# Shelves For Music Books



## mmwood_1 (Oct 24, 2007)

This piece has proven very popular, so I'm going to post it here, now that I've finally gotten this photo thing figured out. This was made for a family of five, all of whom played music. They had their music books stacked on the floor, and wanted a couple of shelves to put them on. I was asked to do something 'fun'. It was.













































The stands and shelves are local black walnut; The staff lines are curly maple; the clef notes are eastern cherry.


----------



## Daren (Oct 14, 2006)

Too cool. I like the unusual, that fits the bill.


----------



## LarrySch (Dec 31, 2007)

Very nice and you stayed with the notes and the theme of the family.


----------



## woodman42 (Aug 6, 2007)

Cool shelves! I like the use of both bass and treble clefs.


----------



## jpw23 (Jan 6, 2007)

very nice:thumbsup:


----------



## TexasTimbers (Oct 17, 2006)

Excellent. I saw this elsewhere and posted about how much I liked it. Still looks as good as it ever did.


----------



## Buffalo Bilious (Aug 20, 2007)

Awesome!

One thing I noticed that I have a question about...

The left leg has three "bumps" (for lack of a better word) and the other has only one.

Is that another sort of musical reference, or just the nature of the wood you were working with? 

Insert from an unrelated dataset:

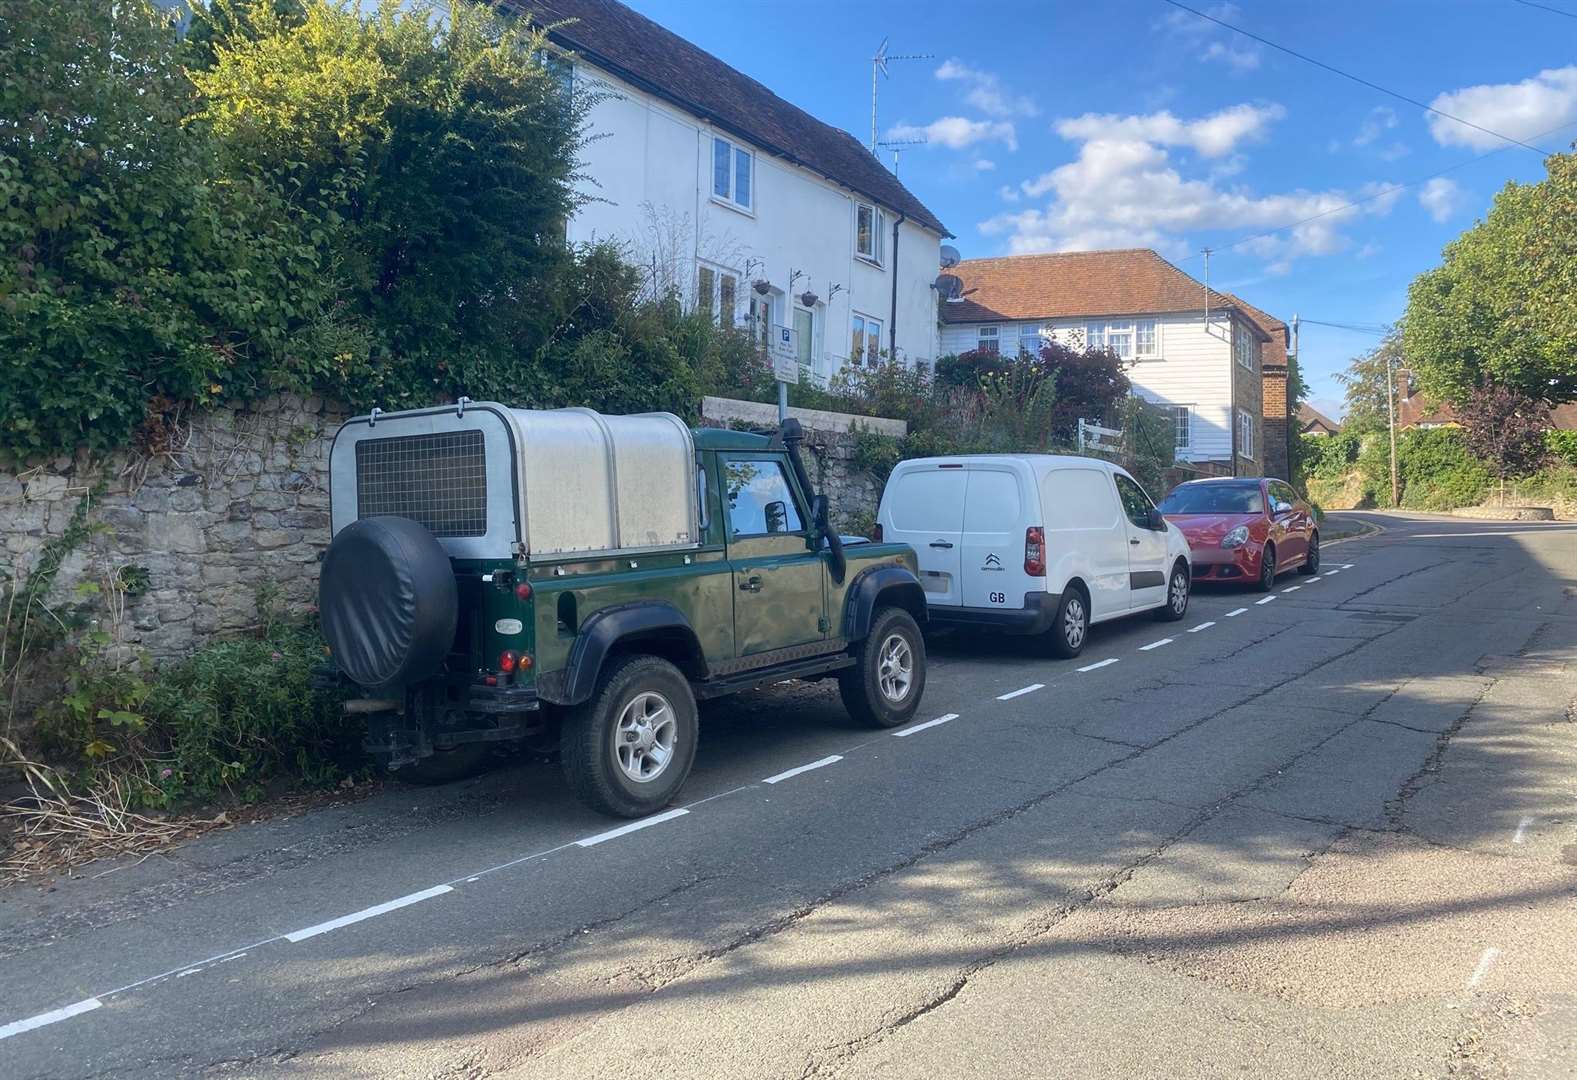 Other parking bays along the road are an average vehicle size

(it's been about 35 years since I had piano lessons, so bear with me)


----------



## mmwood_1 (Oct 24, 2007)

Buffalo Bilious said:


> Awesome!
> 
> One thing I noticed that I have a question about...
> 
> ...


A couple spots, as you noticed, I just cut along the lines of the woodgrain. The result is still balanced, but not exactly symmetrical, which suits my tastes.

Thanks for all the kind comments.


----------



## asherad (Jan 2, 2008)

Super freakin cool - wow. So inspiring. Won't find that in the store with the "requires assembly" label on it, very original. Great work.


----------



## Hoosier (Dec 13, 2007)

I like that!


----------